Victor Quijada left Los Angeles’ b-boy scene to train with Twyla Tharp and dance with Les Grands Ballets Canadiens. He’s since formed his own company, RUBBERBANDance Group, which World Music/CRASHarts brings to the ICA for a genre-bending show on April 10-11. // Sarah Hagman
WHAT WAS IT LIKE MOVING TO BALLET WITHOUT FORMAL TRAINING? I was surrounded by people who graduated from Juilliard, dancers from Sydney Ballet and ABT and New York City Ballet. It just made me want to be as good as them. I guess the competitive nature of hip-hop was driving me. It was one of the toughest things that I ever decided to do…. For a while it meant leaving behind everything that I was good at, the free-styling, the battling, the showing off in hip-hop circles. I was going to start from zero and work my way up.
HOW HAS YOUR BACKGROUND INFLUENCED YOUR CHOREOGRAPHY? I had two separate lives.
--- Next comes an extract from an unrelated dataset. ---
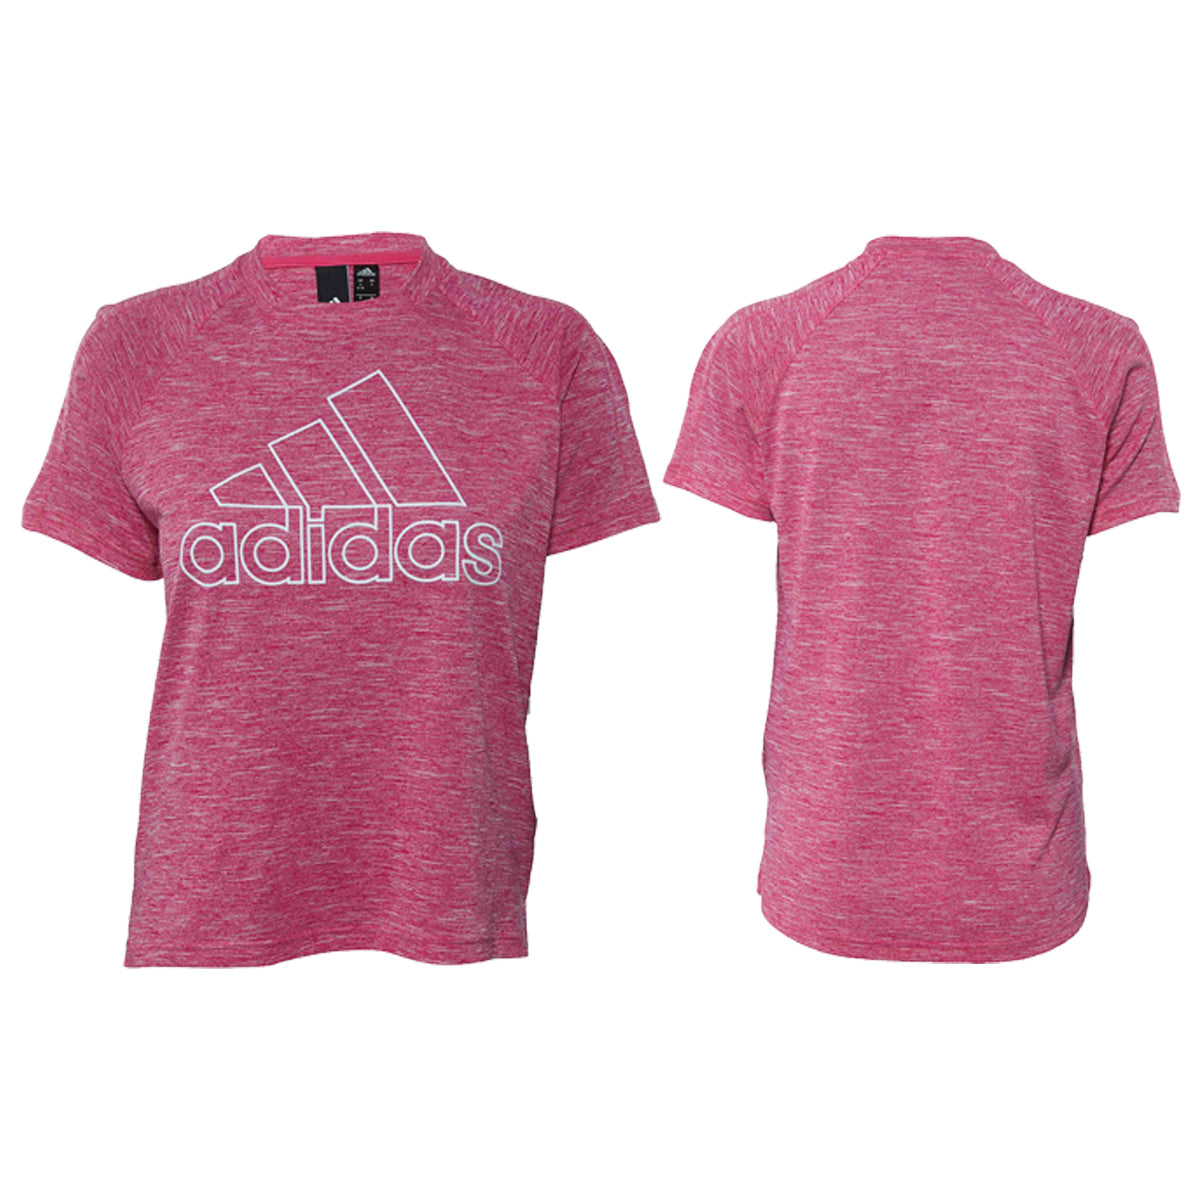 Adidas S2s Prize T2 Womens Style : Dx0708

From 9 am to 6 pm I was in the ballet studio, and from 10 pm to 4 am I was out in the clubs being the person that I knew myself to be. But I had to keep those two things separate. In 2000, hip-hop culture was bubbling [in Montreal]. There had been this sort of b-boy renaissance. I reconnected with all of this, and I felt compelled to bring these two realities together…. When we think of breaking, it’s so spectacular and so many fireworks, but what more could that accomplish? Could that be sensitive, communicative? Could that tell different stories, human stories?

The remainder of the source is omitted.